Home Prices Rose at the Fastest Pace Since the Summer of 2014 According to S&P: The S&P Case-Shiller Home Price Index showed home prices within some of the largest U.S. metro areas rose 0.52% in September which lifted the YoY rate to 6.19%, the fastest pace since July 2014. More broadly, prices rose by a slightly smaller 6.15% nationally in September compared to the August pace of 5.95%. In the FHFA’s home price report, prices were up 6.4% from September of last year, a slower pace than was seen over the previous seven months. Nonetheless, the trend continues to show steadily increasing home valuations over the last several years. While actual housing activity has been mixed over the last 12 months and affordability continues to be the primary concern for the industry, the continued price appreciation did not appear to significantly impact sales over the last couple of months. Both existing and new home sales were better than expected in September and October.

 

Fed Chair Nominee Jay Powell’s Confirmation Hearing No Fireworks Show: The tone of Fed Governor Jay Powell’s remarks during his confirmation hearing before the Senate Banking Committee were consistent with the content of his opening remarks released on Monday. Powell said he sees no signs of the economy overheating and expects growth of 2.5% for the full year of 2017 and something close to that in 2018. However, with labor force growth slowing he commented that it’s important for policymakers to focus on boosting the longer-run growth rate. On current status of the Fed’s progress in achieving its mandate, he said certain indicators are signaling that the economy is at or near full employment but wage growth could be indicating that there is potentially additional slack to be absorbed. Powell stressed that achieving the 2%-inflation goal is important for the Fed’s credibility and that if the Fed determines the trends rate for inflation is lower, it could adjust and hike more slowly.
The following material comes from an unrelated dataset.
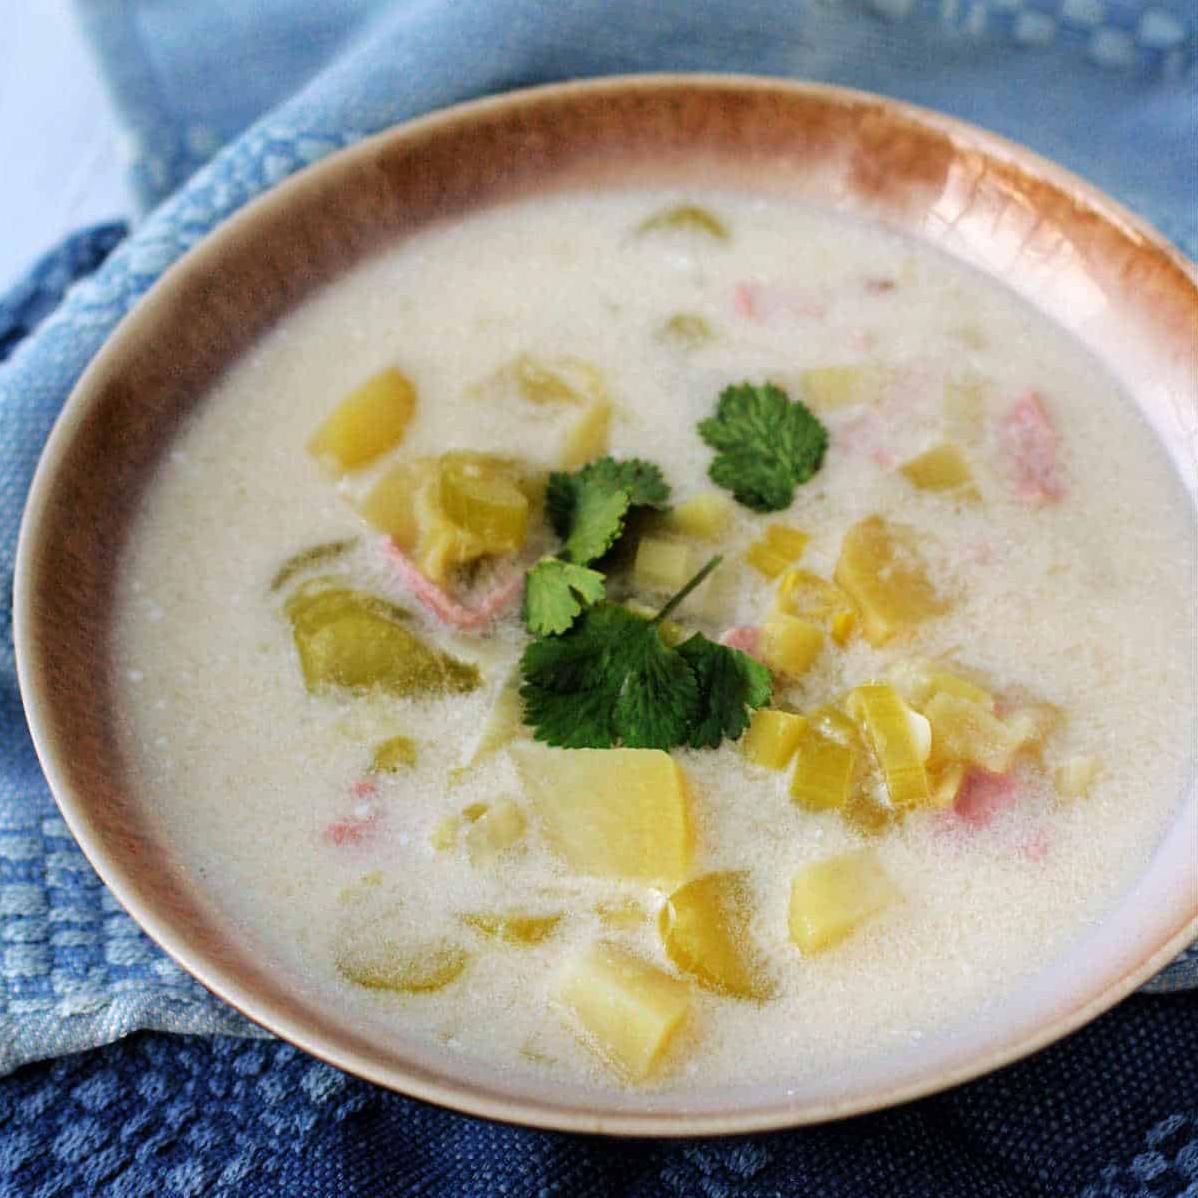  Indulge in a comforting bowl of warm potato soup, without the dairy or wheat.

However, he said the Fed has been patient with removing accommodation but it should continue gradually normalizing rates, adding that the case for a December hike is coming together.

 

Consumer Confidence Unexpectedly Hits New 17-Year High: Consumer confidence rose unexpectedly in November according to the latest report from the Conference Board, with the headline index hitting its highest level in 17 years (since November 2000). The unexpected bounce was driven by gains in consumers’ assessments of both the current conditions (best since 2001) and future expectations (best since 2000); the expectations index saw the biggest improvement. General business conditions were seen as improved and the labor market continued to be a major driving force behind the optimism. Consumers had a better outlook on employment opportunities with the difference between those who believe jobs are plentiful and those who see jobs as hard to get reaching 20.2%, a new high for the cycle. However, a similar comparison of expectations for incomes to increases versus decrease remained within its year-to-date range at one if its best levels of the cycle but eased from the October result. As to indicators of economic activity, fewer reported plans to buy an automobile over the next six months while more expected to buy a home. The responses related to financial indicators reinforced recent trends in the actual data: inflation expectations one year ahead eased to match the lowest level since 2005 and the share of respondents expecting the equity bull market to continue jumped to one of its strongest levels on records back to the late 1980s.